TM: I guess that sort of magic is super personal, though. I don’t know that it ever translates.
TM: Can you tell me a little bit about the auction of objects in this book, and how that idea originated?
MJ: When it comes to a sort of marketing idea for a project, which I’ve now done for all my recent things…when I’m done with the project, I kind of just start anew, coming in more from my quasi-art ideas. At that time, I remember I was thinking of the idea of stores as portraits, like what if you had an online store that had sourced all the objects from your home, and was selling them? So it would be a portrait of that person; all their books, or all their toiletries. And it could be a famous person or a not famous person. I was thinking a lot about that idea right then, and meanwhile I was trying to think of an idea for the book. So you can see how I got there. And then the nice twist for me was — you know, they’re not real objects, they’re things that, as I wrote them, I never expected to have to try and find them, you know, in stores and on eBay, with varying degrees of success. So it became like this scavenger hunt from fiction to reality, while still getting to exercise a little bit of an idea that I’ll probably continue to work on. The store as art.
TM: How did you come to the title?
MJ: Well, I had that title before. I’m a little weird with titles.
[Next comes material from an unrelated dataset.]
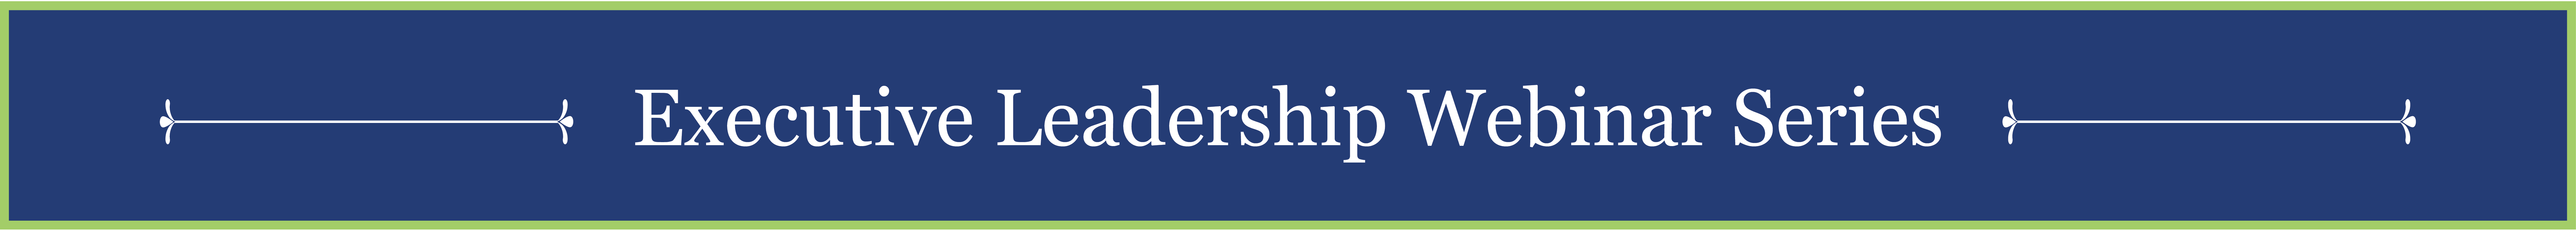 Executive Leadership Webinar Series Web Banner

I feel like they should be a little bit more normal than the book itself, because they’re like an ad for the book. It should feel like something you already have, almost. And I liked that it also seemed like a title of a movie made by a man that would be like, nominated for an Oscar. And in that sense, the book itself was kind of like, in drag or something. The cover is really super straight, and then you open it up and there’s all this weirdness inside with the colors. And the book itself is kind of about that, about people on the inside and people…what they look like on the outside. What’s actually going on inside. Some of it was that, that all seemed fitting to me. When I got to the point where I wrote “the first bad man,” I was writing that scene and writing about which one are you, and I was like, oh, the first bad man. Like, I had already had that title. I didn’t know if it was going to work for this book, I knew Phillip wasn’t worthy of being the first bad man. That it had to be Clee. And I was like, oh my god, there it is. I’m the first bad man. And I thought that was also sort of a nice moment because it’s not a big deal, but it’s like — a moment that sort of…where everything’s changing, and Cheryl does stop and take note: a bad man who comes into town makes all this trouble and leaves. And that’s ultimately what happens.